Reputation: 11
It seems like spark still doesn't support "connect by prior". Please let me know if there's any workaround for that -
Current Input
ColA , ColB
D E
A B
C D
B C
Required output -
ColA , ColB
A B
B C
C D
D E
If there any solution through spark SQL , please let me know
Upvotes: 1
Views: 4254
Reputation: 179
See at spark-connectby
from Pypi. at https://pypi.org/project/pyspark-connectby/
You now can do connectby
on spark dataframe with the library, e.g:
from pyspark_connectby import connectBy
from pyspark.sql import SparkSession
schema = 'emp_id string, manager_id string, name string'
data = [[1, None, 'Carlos'],
[11, 1, 'John'],
[111, 11, 'Jorge'],
[112, 11, 'Kwaku'],
[113, 11, 'Liu']
]
df = spark.createDataFrame(data, schema)
df2 = df.connectBy(prior='emp_id', to='manager_id', start_with='1')
df2.show()
Output is:
+------+----------+-----+-----------------+----------+------+
|emp_id|START_WITH|LEVEL|CONNECT_BY_ISLEAF|manager_id| name|
+------+----------+-----+-----------------+----------+------+
| 1| 1| 1| false| null|Carlos|
| 11| 1| 2| false| 1| John|
| 111| 1| 3| true| 11| Jorge|
| 112| 1| 3| true| 11| Kwaku|
| 113| 1| 3| true| 11| Liu|
+------+----------+-----+-----------------+----------+------+
Upvotes: 0
Reputation: 18108
There is, but it is painful. It's too long to type out, but here is someone who did it.

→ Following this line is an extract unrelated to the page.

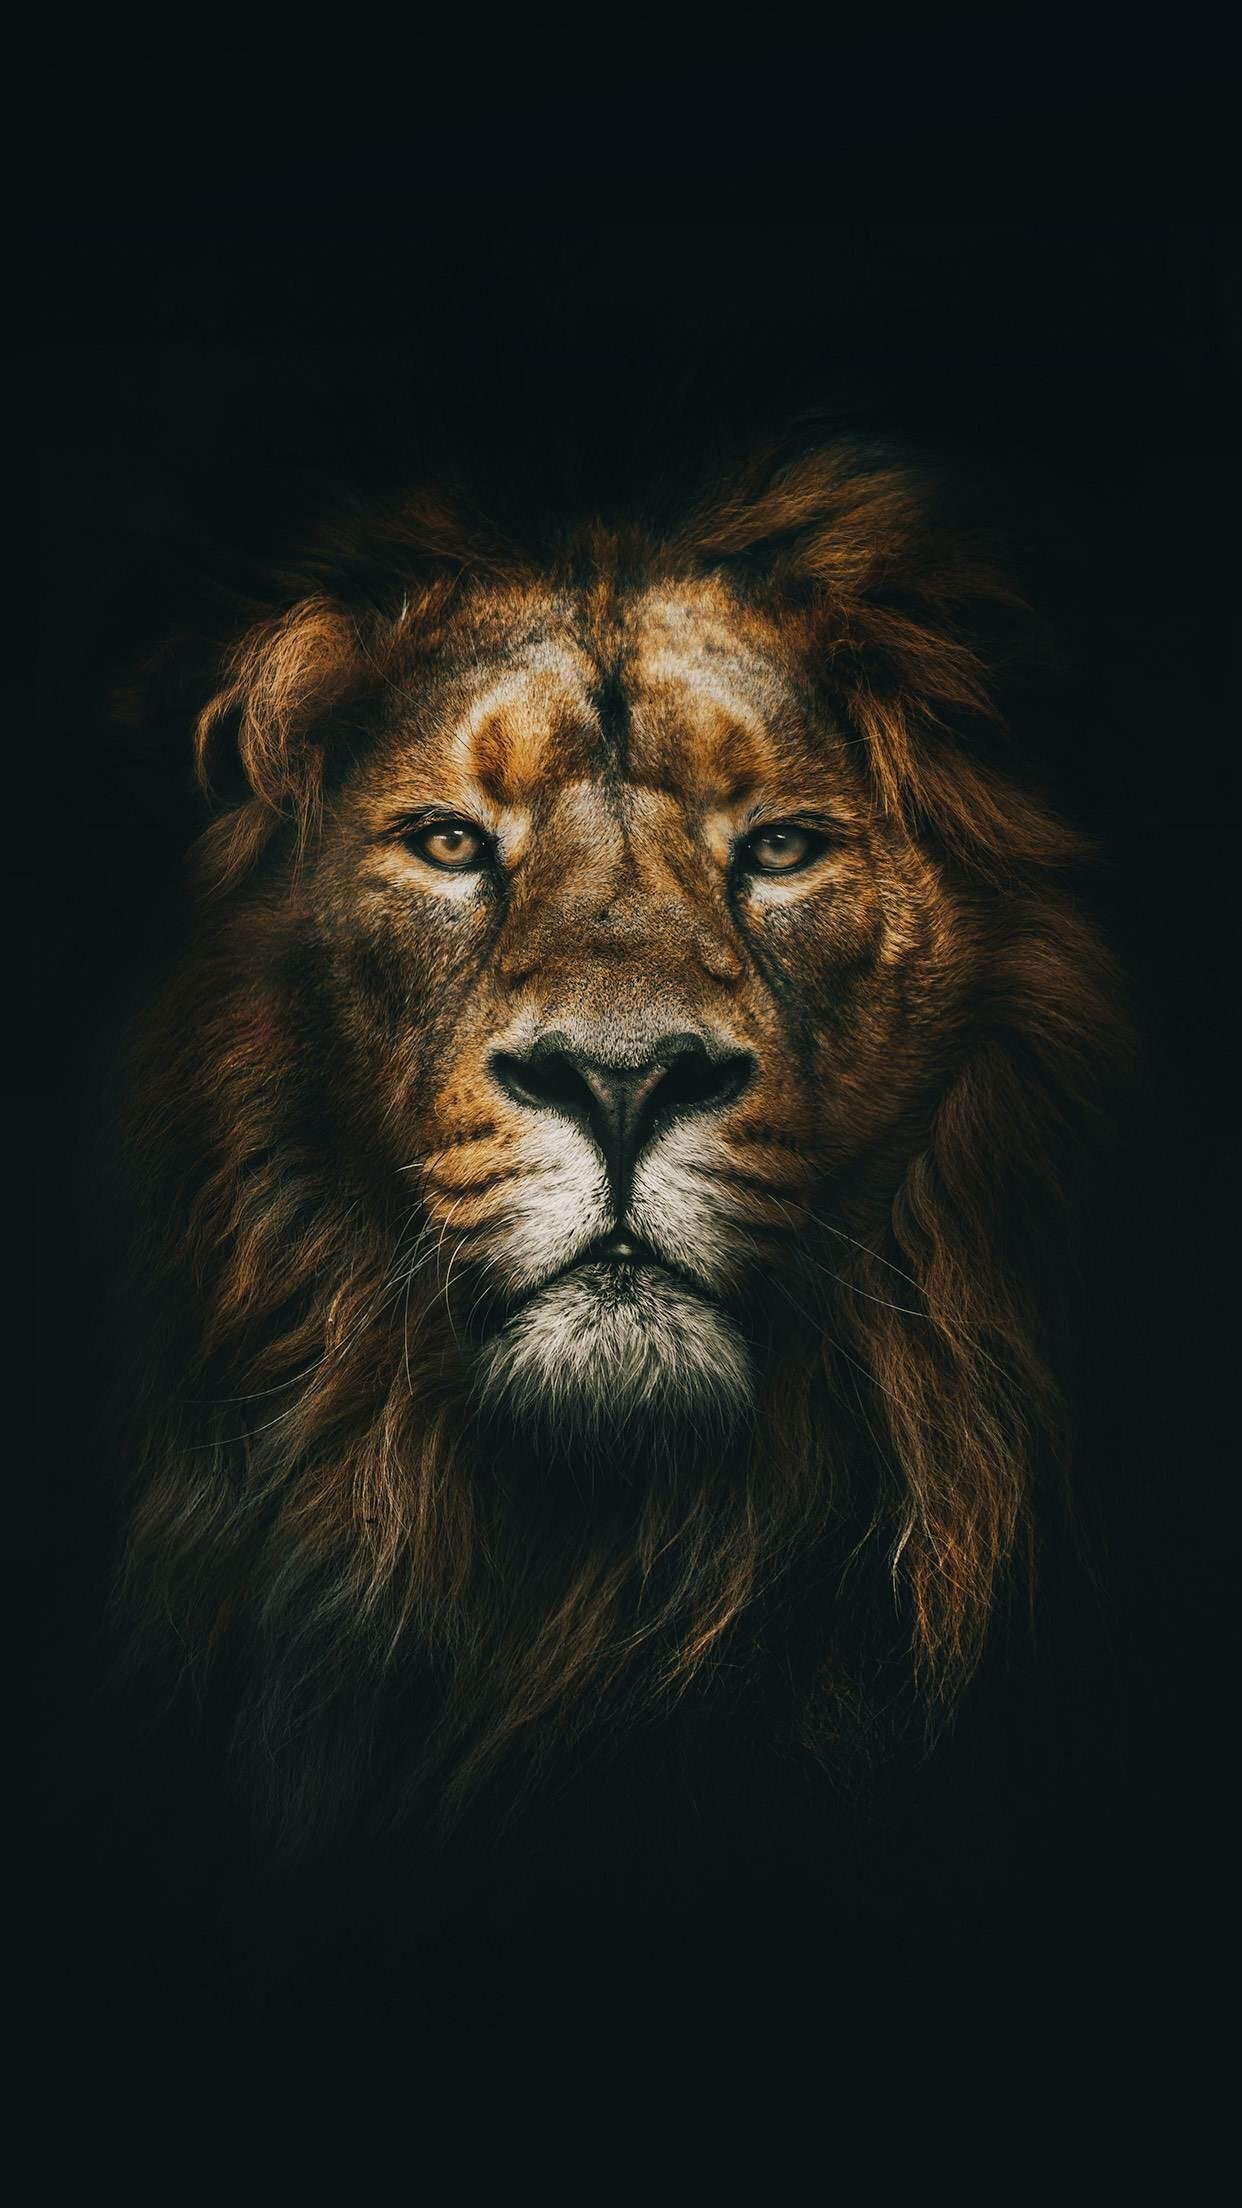 Lion Galaxy Wallpapers - Top Những Hình Ảnh Đẹp

http://sqlandhadoop.com/how-to-implement-recursive-queries-in-spark/
My advice, not typical Spark processing, do in ORACLE or DB2 and sqoop the results in or read via DF Read via JDBC.
Via pregel as well https://www.qubole.com/blog/processing-hierarchical-data-using-spark-graphx-pregel-api/
Upvotes: 3